● Material for the task:

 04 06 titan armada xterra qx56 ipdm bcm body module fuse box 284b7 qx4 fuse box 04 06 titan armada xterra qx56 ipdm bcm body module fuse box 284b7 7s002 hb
--
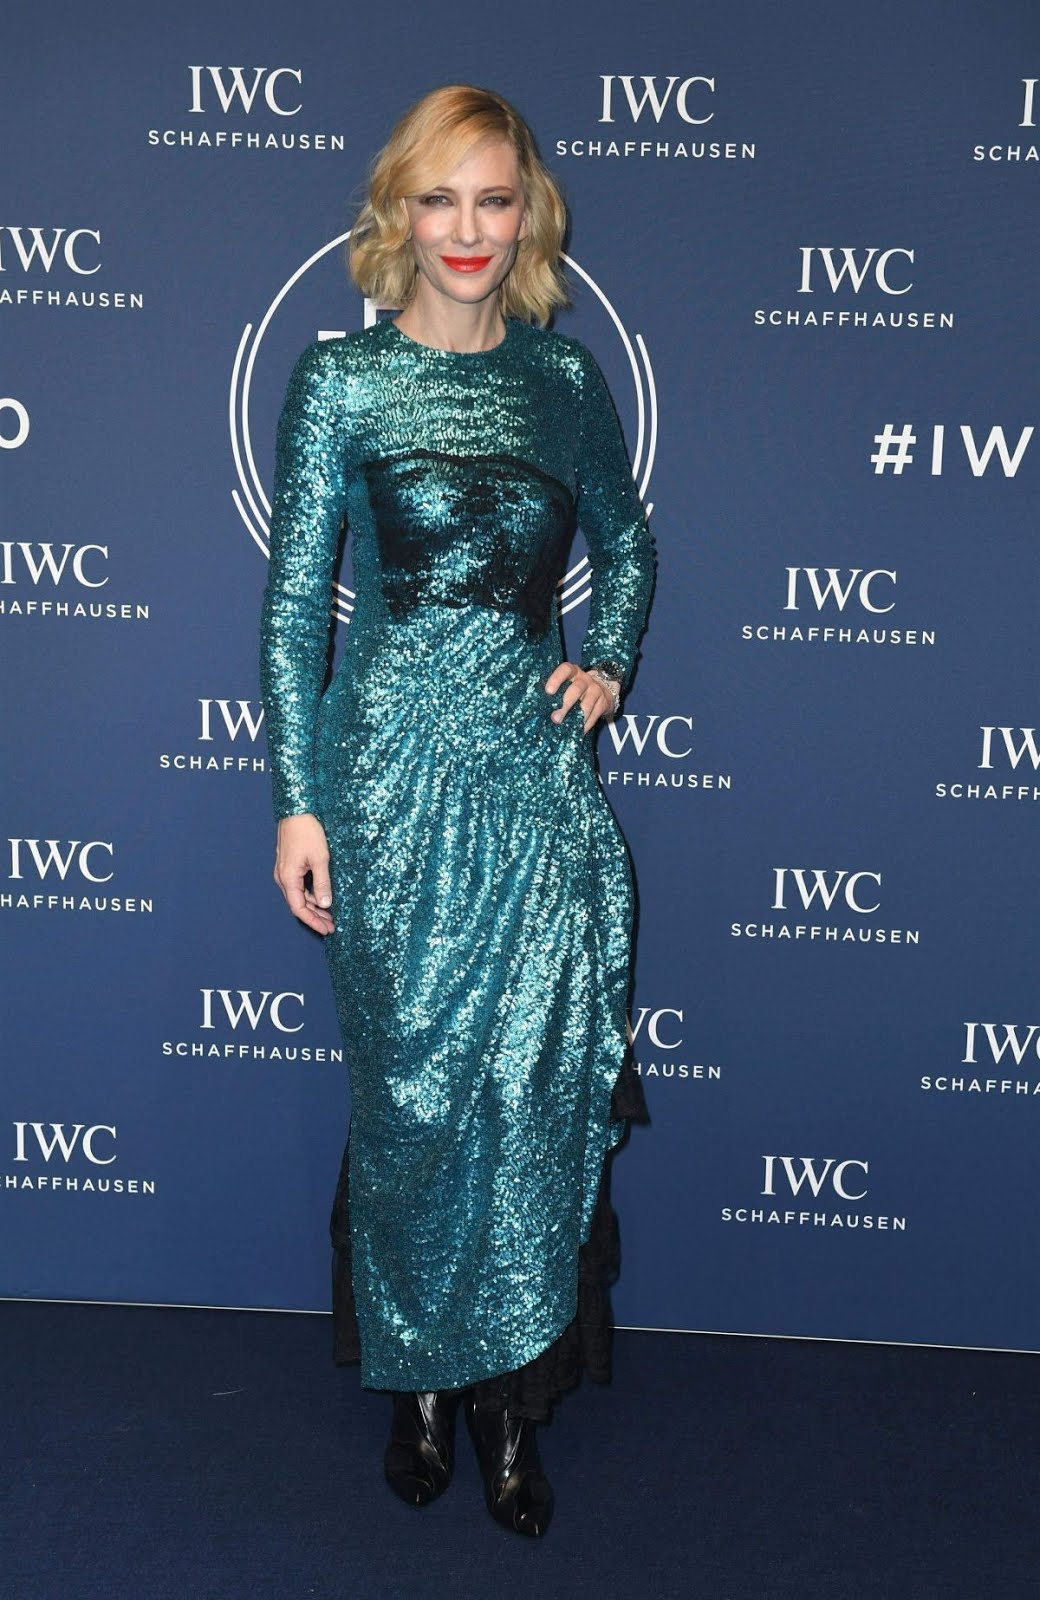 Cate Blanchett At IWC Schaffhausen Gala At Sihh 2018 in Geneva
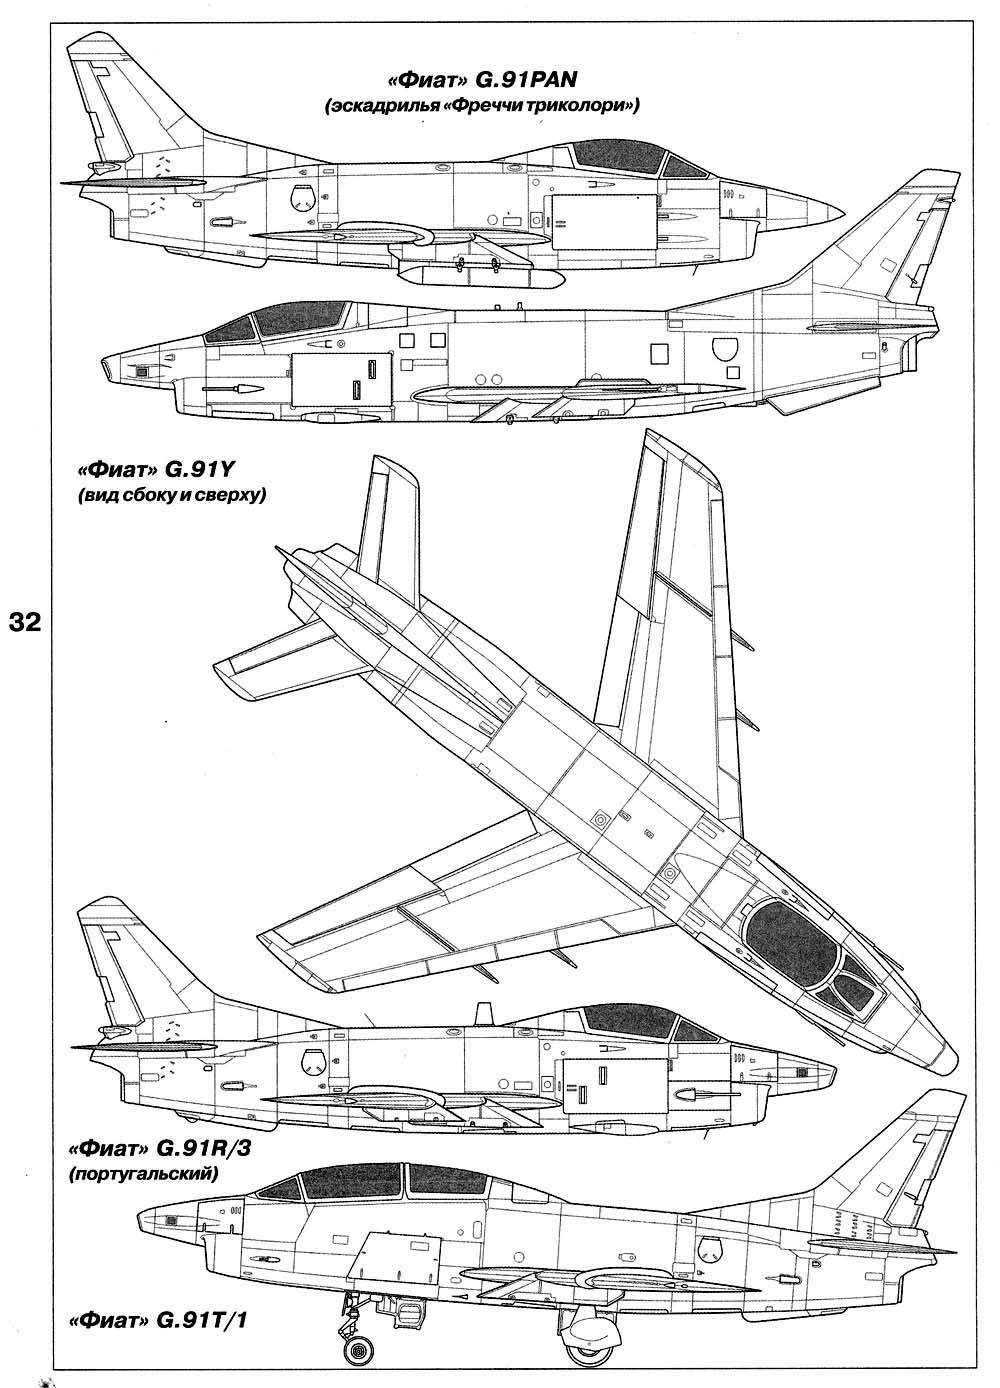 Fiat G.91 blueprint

● Brief: Each line above that falls between the line with "Cate Blanchett At" and the line with "Fiat G.91 blueprint" should be printed exactly, together with those two lines, but the pictures should not.

● Problem solution:
 Cate Blanchett At IWC Schaffhausen Gala At Sihh 2018 in Geneva
 Fiat G.91 blueprint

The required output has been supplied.